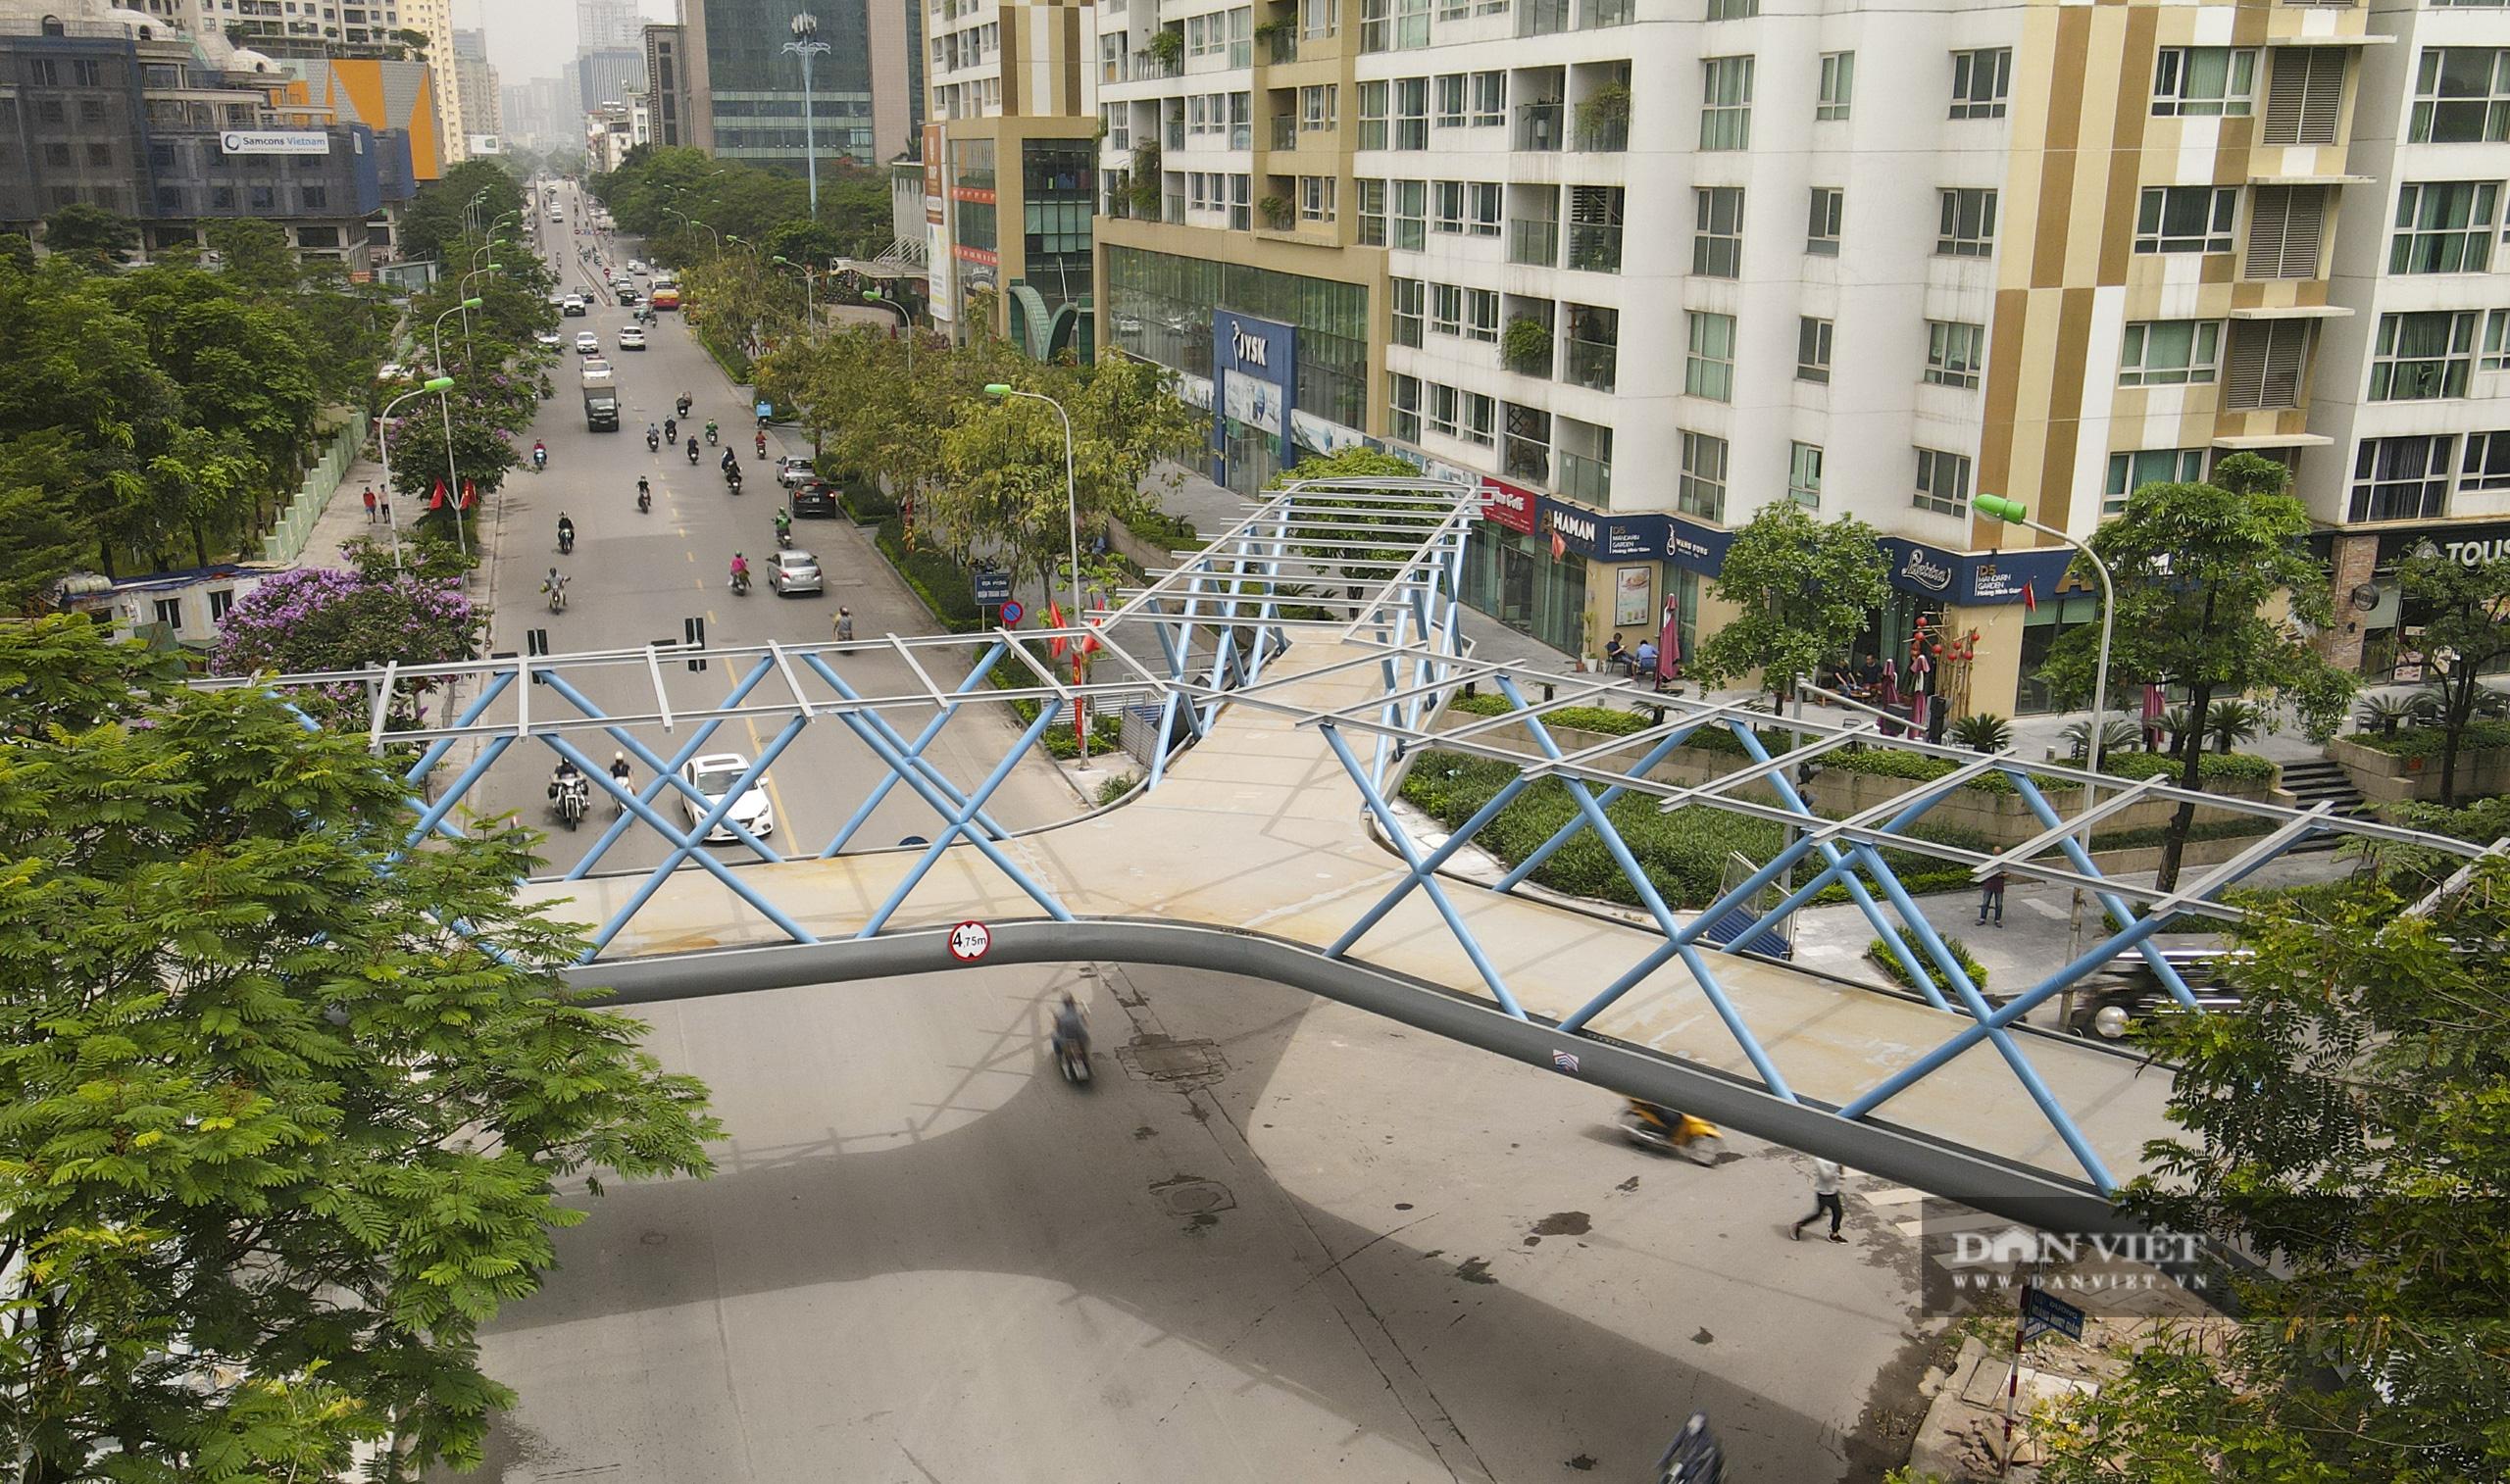 Ngắm cầu vượt bộ hành hình chữ Y đẹp nhất Hà Nội - Ảnh 3.
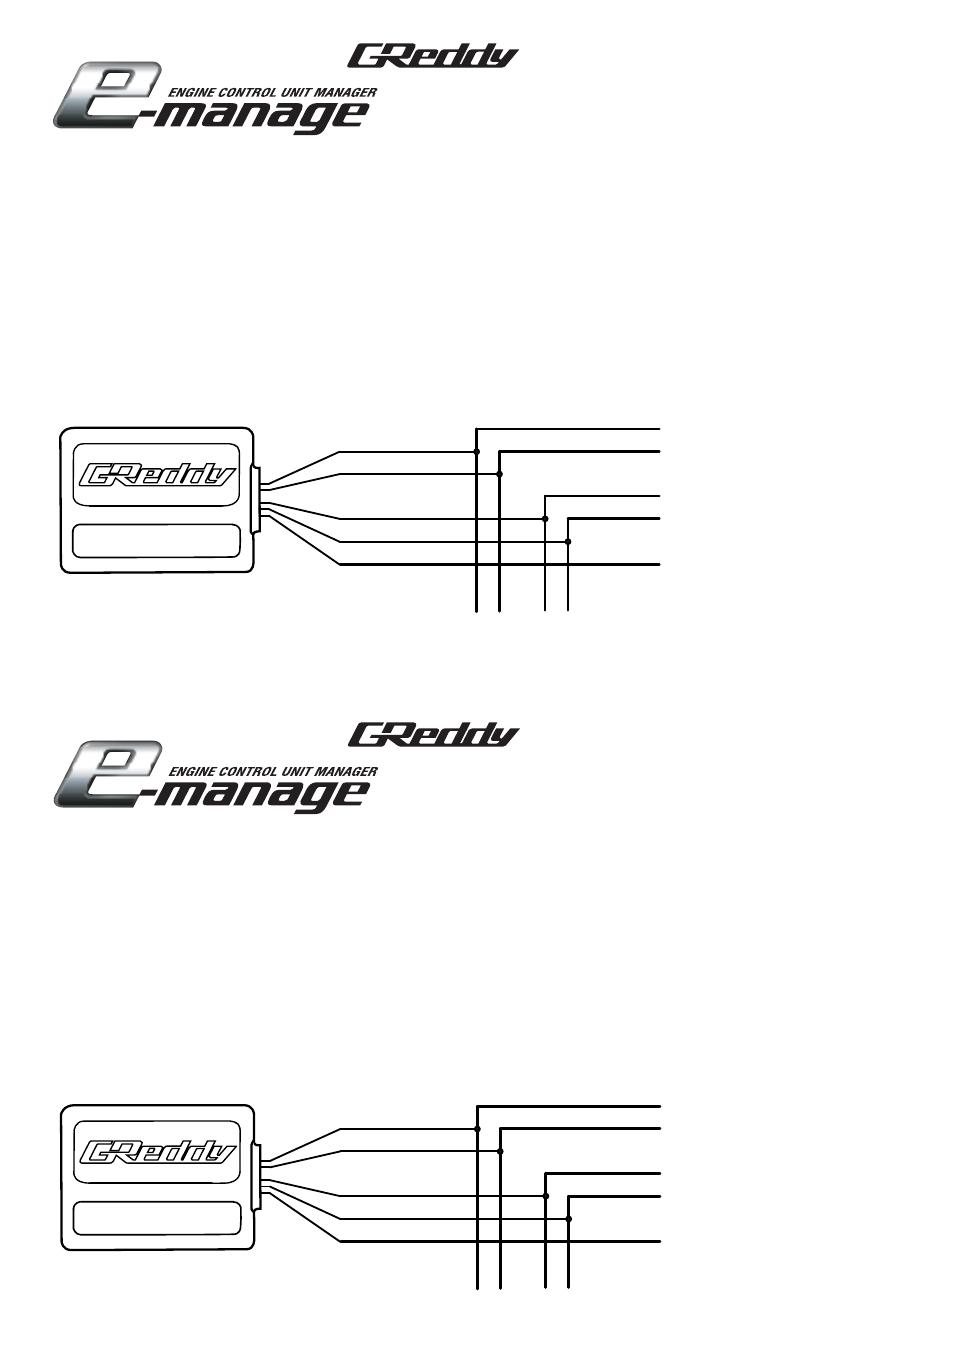 greddy e manage rpm adapter 2 user manual 1 page original mode rh manualsdir com Emanage Software G Reddy Emanage 350Z G Reddy
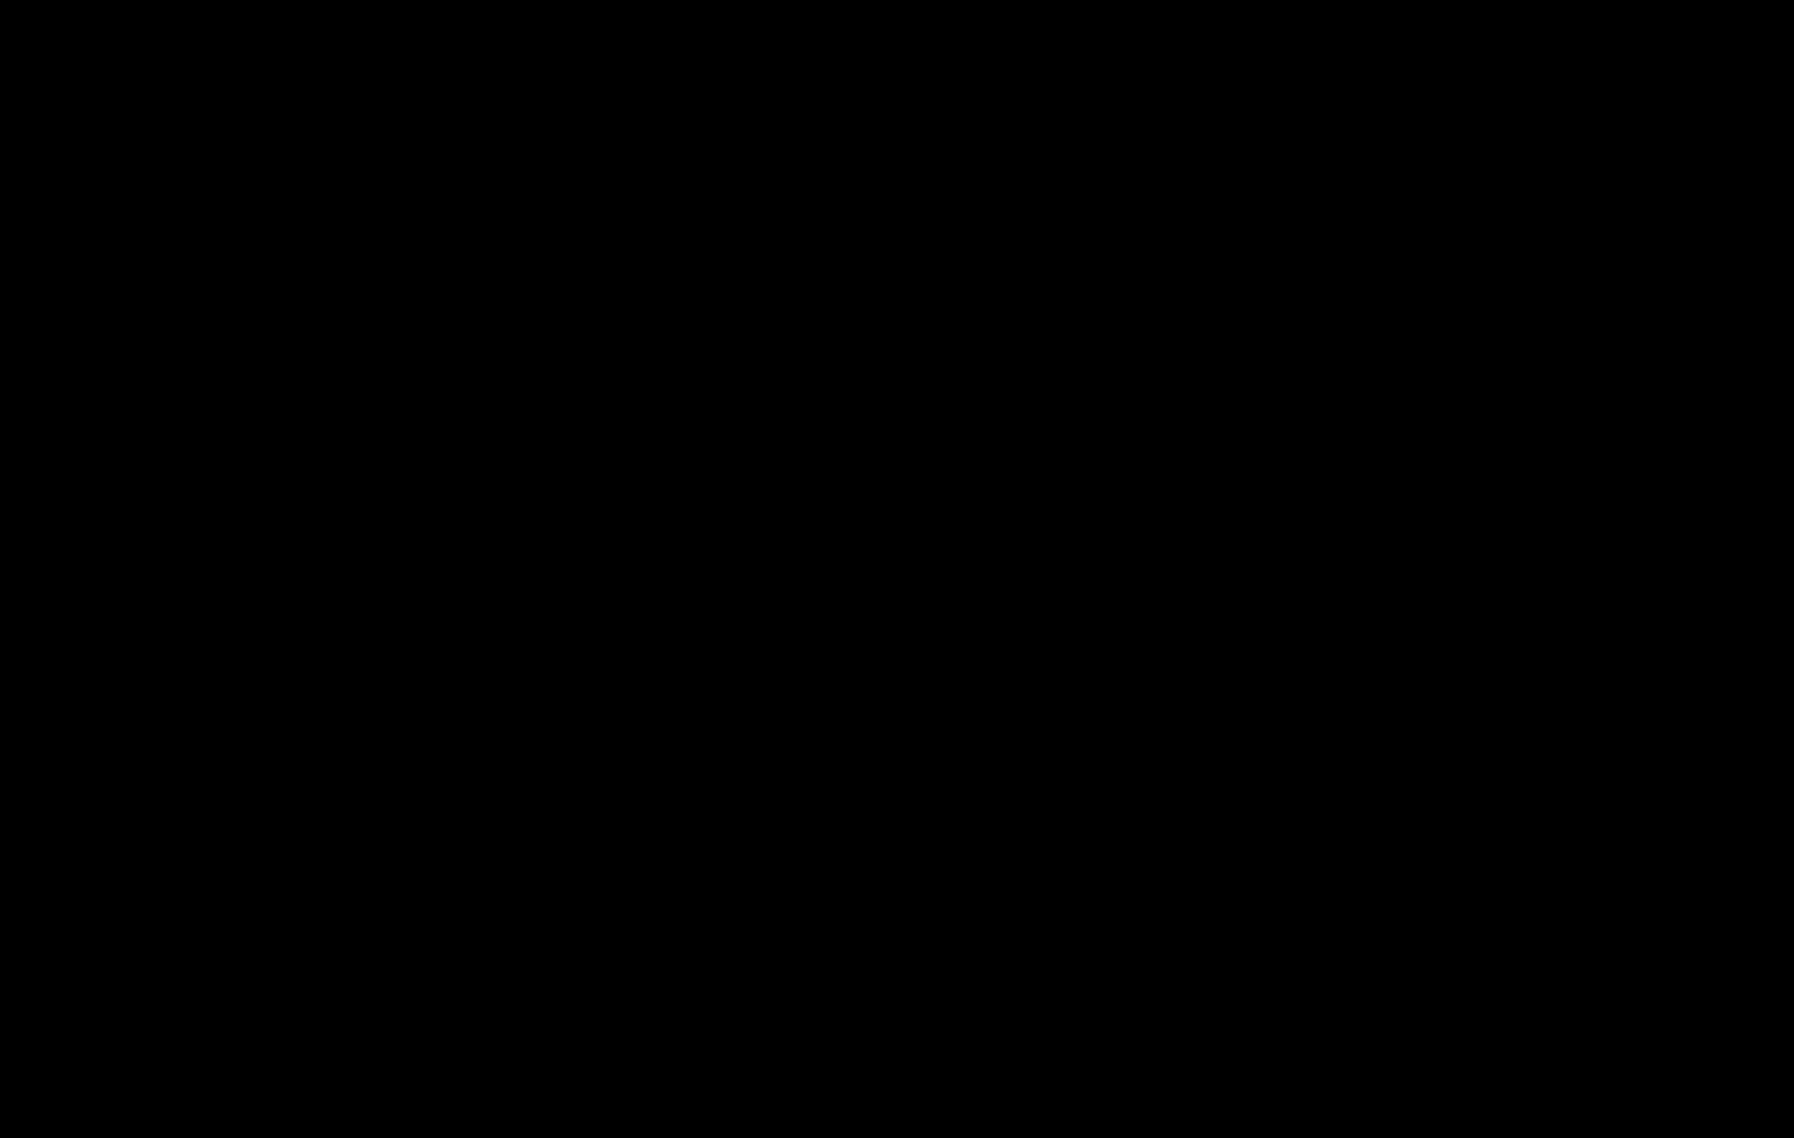 N-(4-(Hydroxymethyl)benzyl)-3,5-bis(prop-2-yn-1-yloxy)benzamide

== Exercise goal ==
The full text of the data above, exact and without pictures, is what to return.

== Result of the exercise ==
 Ngắm cầu vượt bộ hành hình chữ Y đẹp nhất Hà Nội - Ảnh 3.
 greddy e manage rpm adapter 2 user manual 1 page original mode rh manualsdir com Emanage Software G Reddy Emanage 350Z G Reddy
 N-(4-(Hydroxymethyl)benzyl)-3,5-bis(prop-2-yn-1-yloxy)benzamide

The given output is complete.